Let $X_n\Rightarrow X$ and $Y_n\Rightarrow Y$ as $n\to\infty$, where all these $X$ and $Y$ are well defined random variables and $\Rightarrow$ is the convergence in distribution.
Could you give me an example in which $X_n$ and $Y_n$ are independent, but $X$ and $Y$ are not independent?
Thank you!
On
The key here is the whole concept of convergence in distribution. The fact that $X_n\stackrel{d}{\to}X$ and $Y_n\stackrel{d}{\to}Y$ but for each $n$, $X_n$ and $Y_n$ are independent tells us nothing about the joint distribution of $X$ and $Y$.
The use of characteristic functions deals with all real-valued random variables. Let each pair of $Z_n=(X_n,Y_n)$ be independent (i.e. $X_n$ is independent of $Y_n$). Then for all $\xi=(\xi_1,\xi_2)\in \mathbb{R}^2$ we have $$E[e^{i\xi \cdot Z_n}]=E[e^{i\xi_1 X_n}]E[e^{i\xi_2Y_n}]\to E[e^{i\xi_1 X}]E[e^{i\xi_2Y}]$$ Let $Z^{(1)} \sim X,Z^{(2)}\sim Y$ be s.t. $Z^{(1)}$ is independent of $Z^{(2)}$. Then define $Z=(Z^{(1)},Z^{(2)})$. We have $$E[e^{i\xi \cdot Z}]=E[e^{i\xi_1 Z^{(1)}}]E[e^{i\xi_2 Z^{(2)}}]=E[e^{i\xi_1 X}]E[e^{i\xi_2Y}]$$ So $Z_n$ converges in distribution to a pair of independent rvs each with respective distribution $\sim X,\sim Y$. However, $(X,Y)$ might have any distribution.

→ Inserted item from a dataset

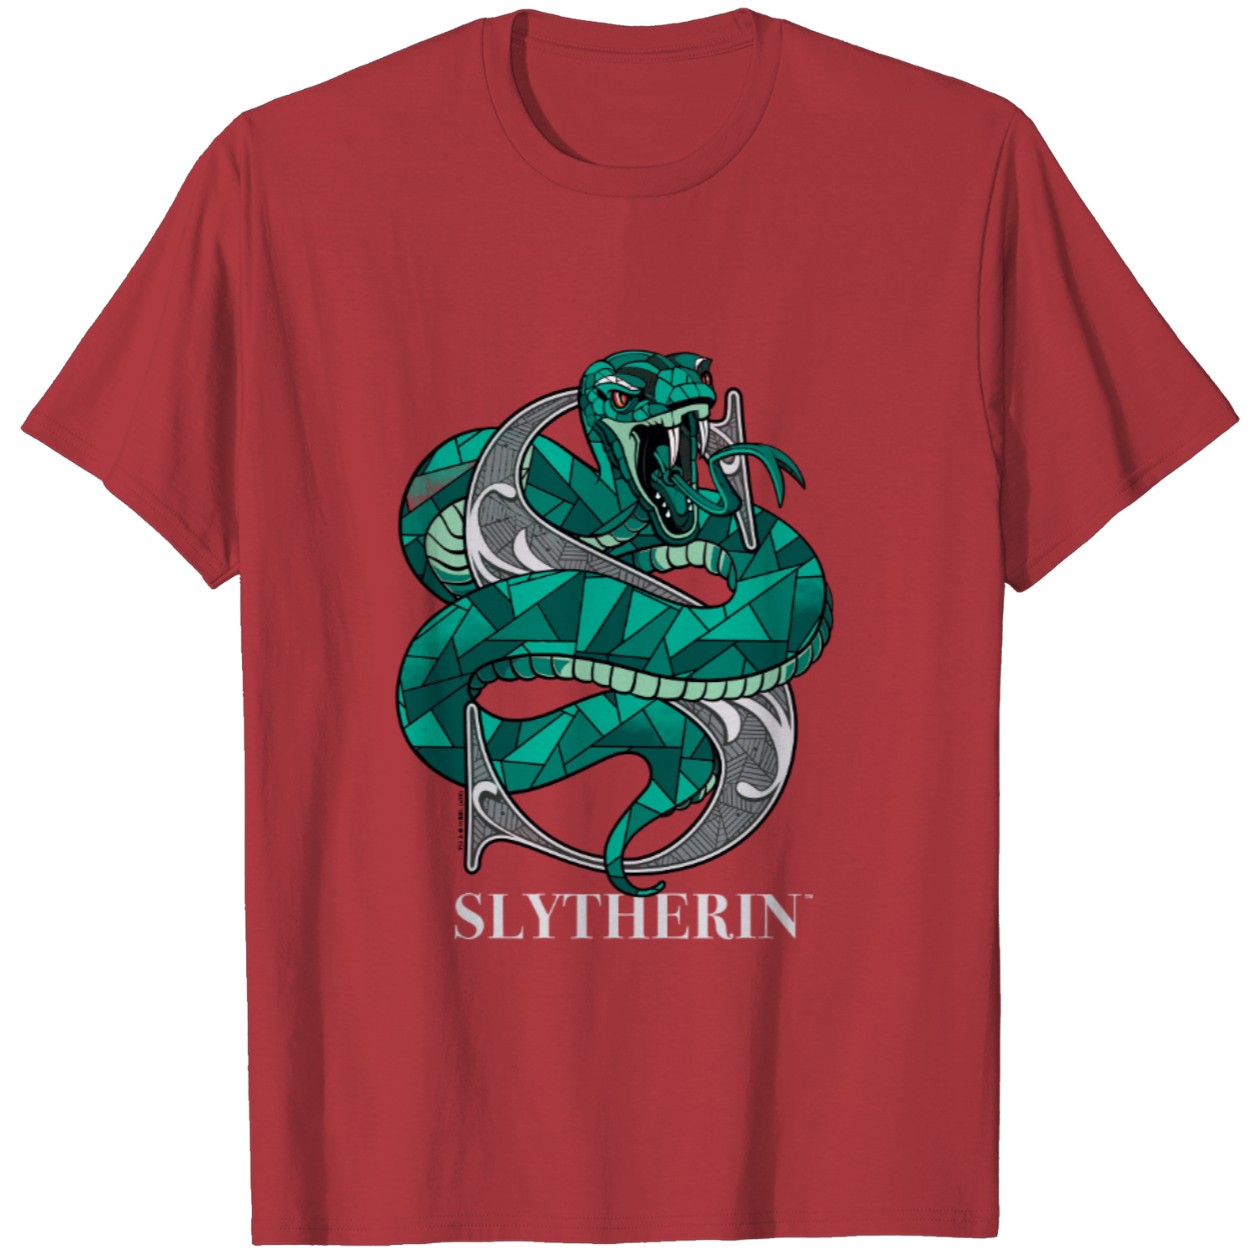 Slytherin Crosshatched Emblem Graphic Tee T-Shirt IYT

Let $a$ be such that $F_X(x)$ is continuous at $a$, and $b$ be such that $F_Y(x)$ is continuous at $b$. Then $F_{X_n}(a)\to F_X(a)$, $F_{Y_n}(b)\to F_Y(b)$. On the other hand, $$ \mathbb{P}(X_n\le a,Y_n\le b)=\mathbb{P}(X_n\le a)\ \mathbb{P}(Y_n\le b) $$ by independence. As a result, the LHS of the above $$ F_{X_n,Y_n}(a,b)\to F_X(a) F_Y(b) $$ so if $F_{X,Y}(a,b):=F_X(a)F_Y(b)$ then $$ \mathbb{P}(X_n\le a,Y_n\le b)\to F_{X,Y}(a,b)\quad\text{as }n\to \infty $$ and thus the pair $(X_n,Y_n)$ converges in distribution to a random variable whose CDF is given by $F_{X,Y}(a,b)$, and given its product form, $X$ and $Y$ are independent.
The only thing which remains to consider is the case when $F_X(x)$ is not continuous at $a$ (and similar for $Y$).